Our research showed that the serum MPO before TJT treatment was significantly higher than that of after treatment. It implied that vascular could be protected for alleviating inflammatory injury and oxidative lesion. Astern et al.'s research indicated that MPO could cooperatively bind with KRT1 thus blocking the plasma Kallikrein cleavage site on KNG1 [27]. And our study shows that TJT could result in increased level of KNG1 and KRT1 and decreased production of MPO. Then the activation of the plasma KKS would be restored.

RBP4 is a 23 KDa protein and it was expressed in skeletal muscles and white adipose tissues [28]. Many studies suggested that RBP4 may be involved in the pathogenesis of early vascular damage during EH occurrence by participating in modulation of the atherosclerotic process [29]. The pathogenesis relationship between RBP4 and cardiovascular diseases was also studied. They found that insulin action would be inhibited by RBP4 in endothelial cells, leading to the damage of NO-dependent vasodilation [30]. Likewise, in our study, it showed that RBP4 level could be significantly decreased in serum after TJT treatment. It indicated potential protection effects on cardiovascular function in EH patients.
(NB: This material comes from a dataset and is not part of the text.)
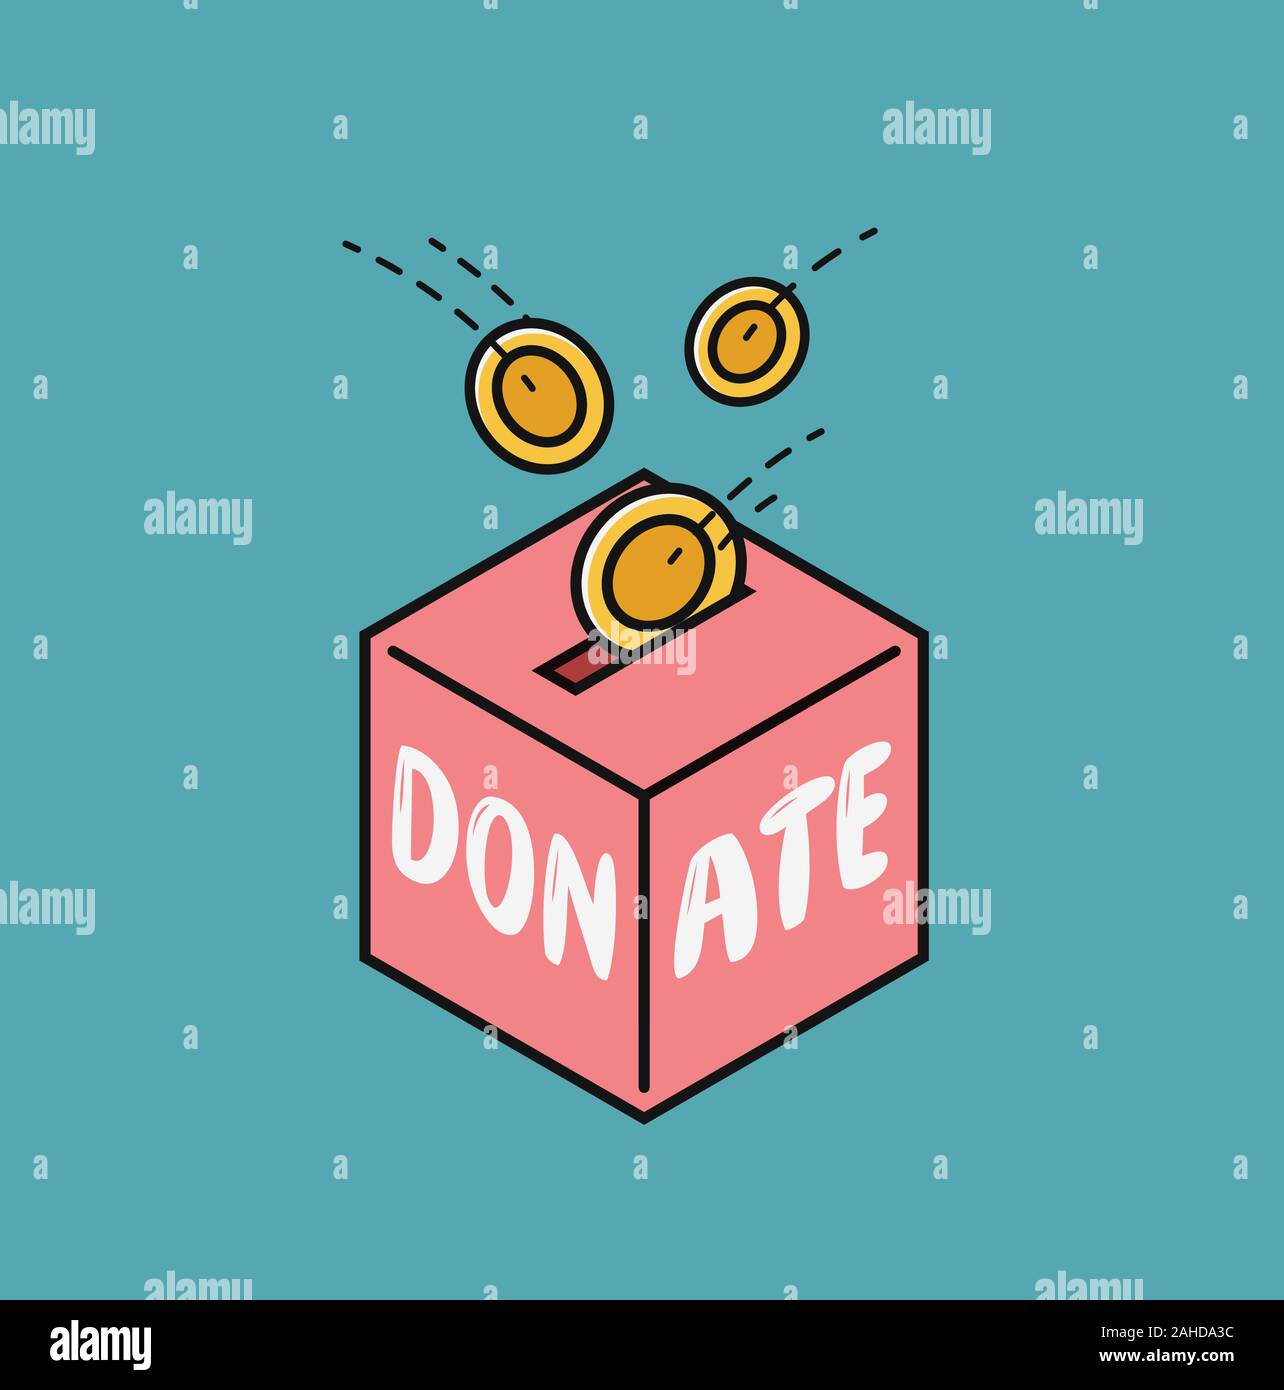 Donate, finance symbol. Fundraising in donation box vector Stock Vector

SAA belongs to apolipoprotein family, and it is mainly produced and stored in liver as well as adipose tissues. Once there was an infection or inflammation, SAA would be instantly released from hepatocytes to central venules [31]. Recently, many studies reported that inflammation plays critical pathogenetic roles in EH [32]. Besides, significant increased levels of SAA were observed in both SHR and EH patient serums [33]. In our study, serum SAA level in EH patients was significantly reduced after TJT treatment. This result was consistent with previous study that cardiovascular inflammation could be decreased after TJT treatment.
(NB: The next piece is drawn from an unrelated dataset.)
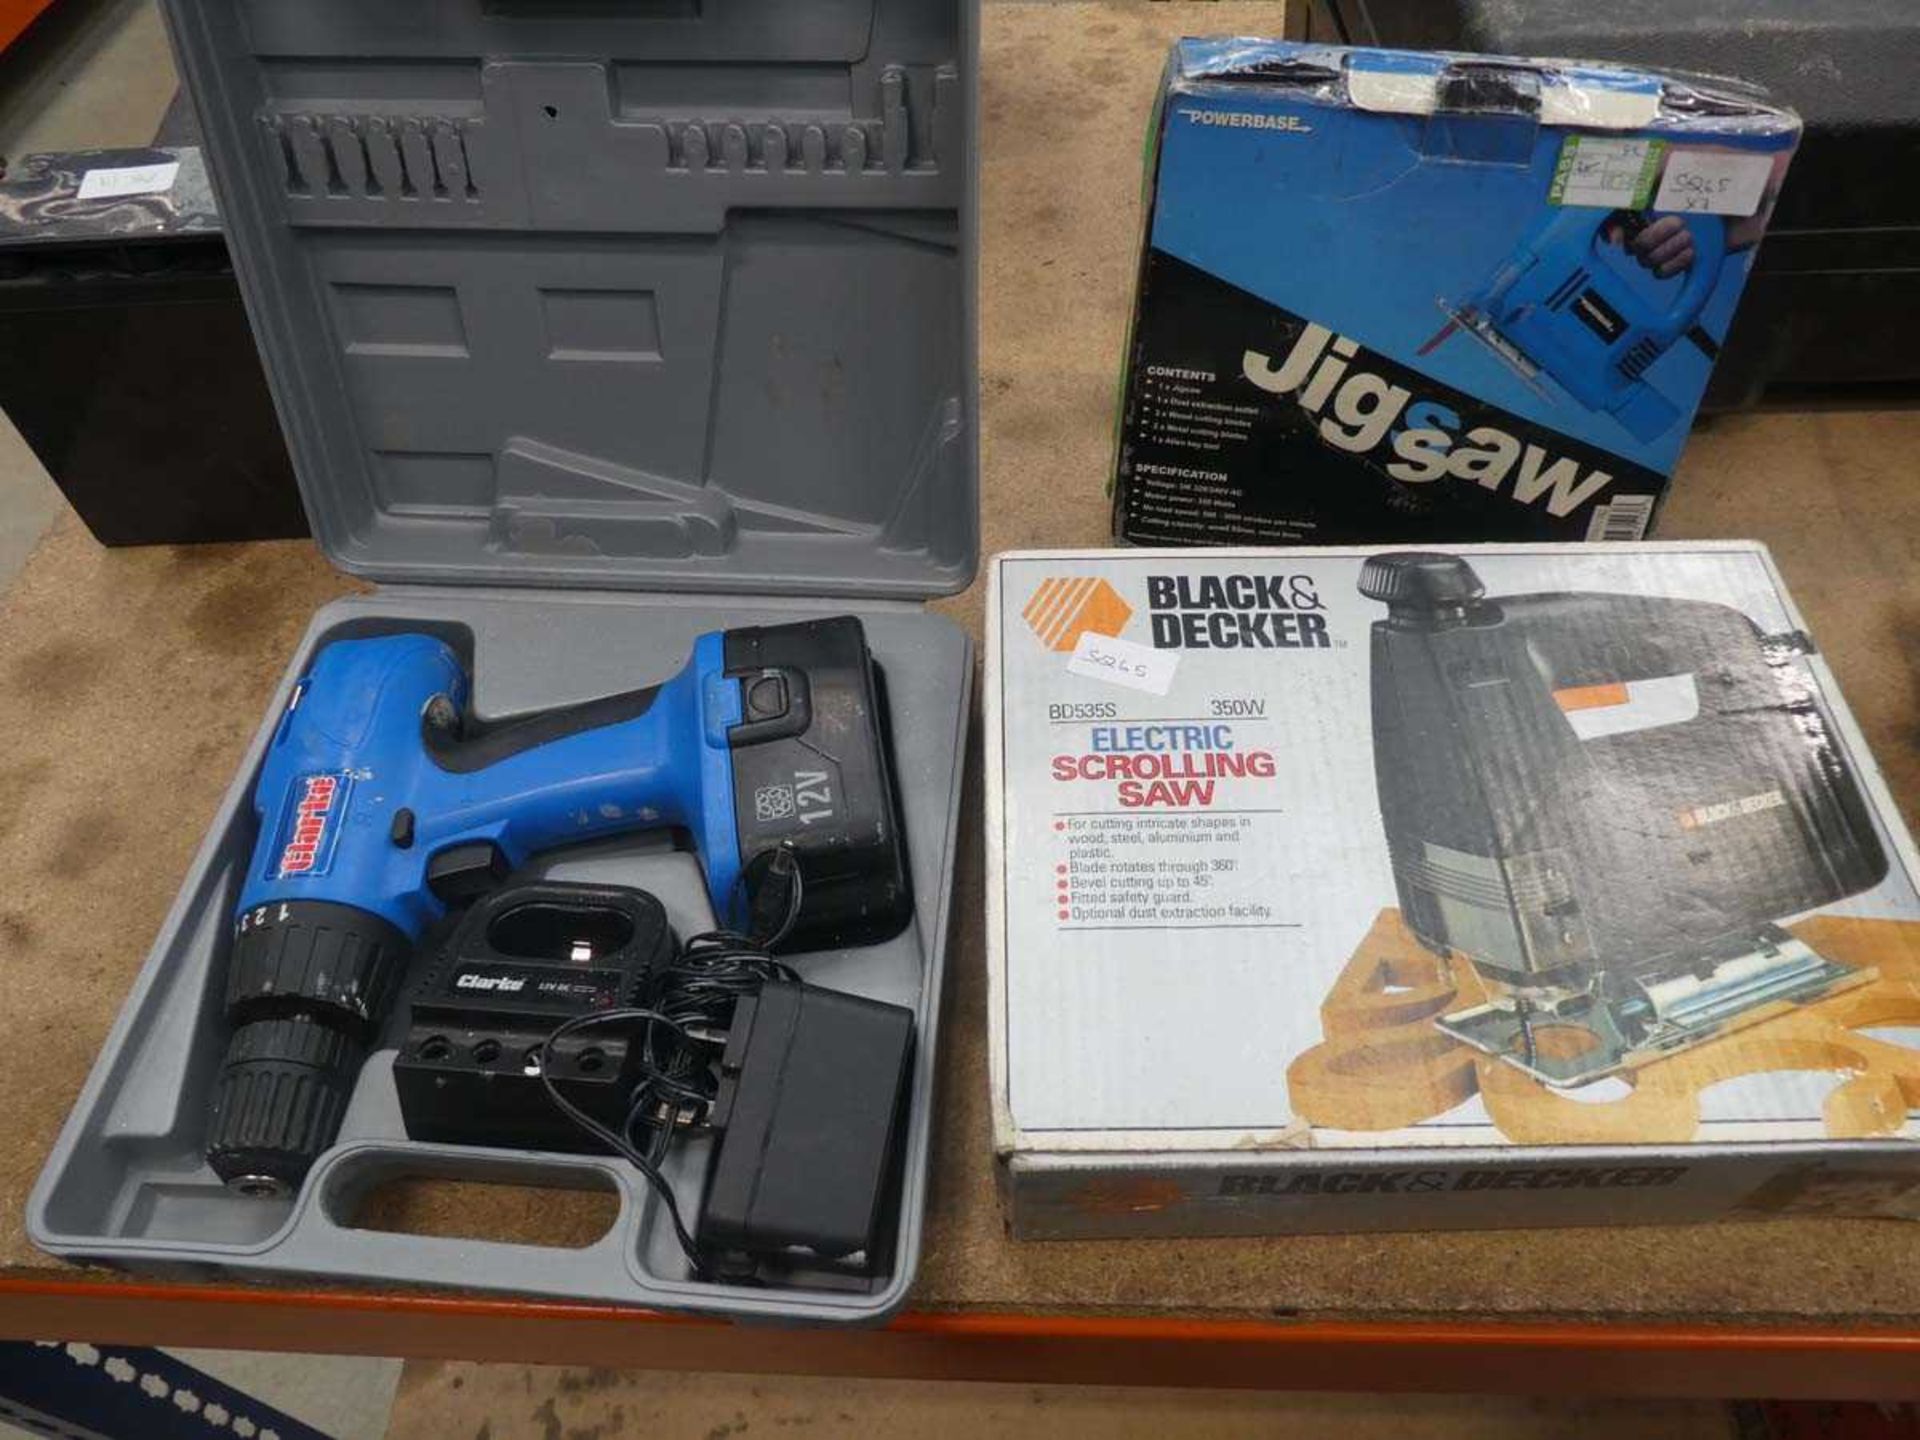 Clark battery drill, PowerBase jigsaw and a Black & Decker jigsaw

The TJT involved basic pharmacological pathway map in antihypertension process was provided (Figure 5), including classical Kallikrein system, vascular oxidative stress, and inflammation injury pathway. As shown in this map, the level of KNG1 could be increased by TJT, which competitively bound to KRT1 to improve the production of bradykinin. In addition, the level of MPO was decreased by TJT, alleviating the inhibition effects on both bradykinin and NO production. Meanwhile, the declined level of MPO and RBP4 after TJT treatment would make effects on antioxidative stress and anti-inflammation. Further in-depth study will be performed to study the mechanism and pathways through which TJT makes effects on these targets, respectively.

5. Conclusion

Based on iTRAQ proteomic analysis and immunological verification methods, five serum proteins were screened out as target biomarkers through which TJT made effects on EH. TJT could effectively improve vascular permeability and vasodilatation, while decreasing vascular inflammation. The potential mechanism may be increased bradykinin production and reduced vascular oxidative lesion. The quantitative proteomics provide an integrity view for disease pathogenesis and drug efficacy study.

The comparison of blood pressure of EH patients (n=47) before and after TJT treatment. Both of the SBP and DBP were reduced significantly (P<0.01) after TJT treatment.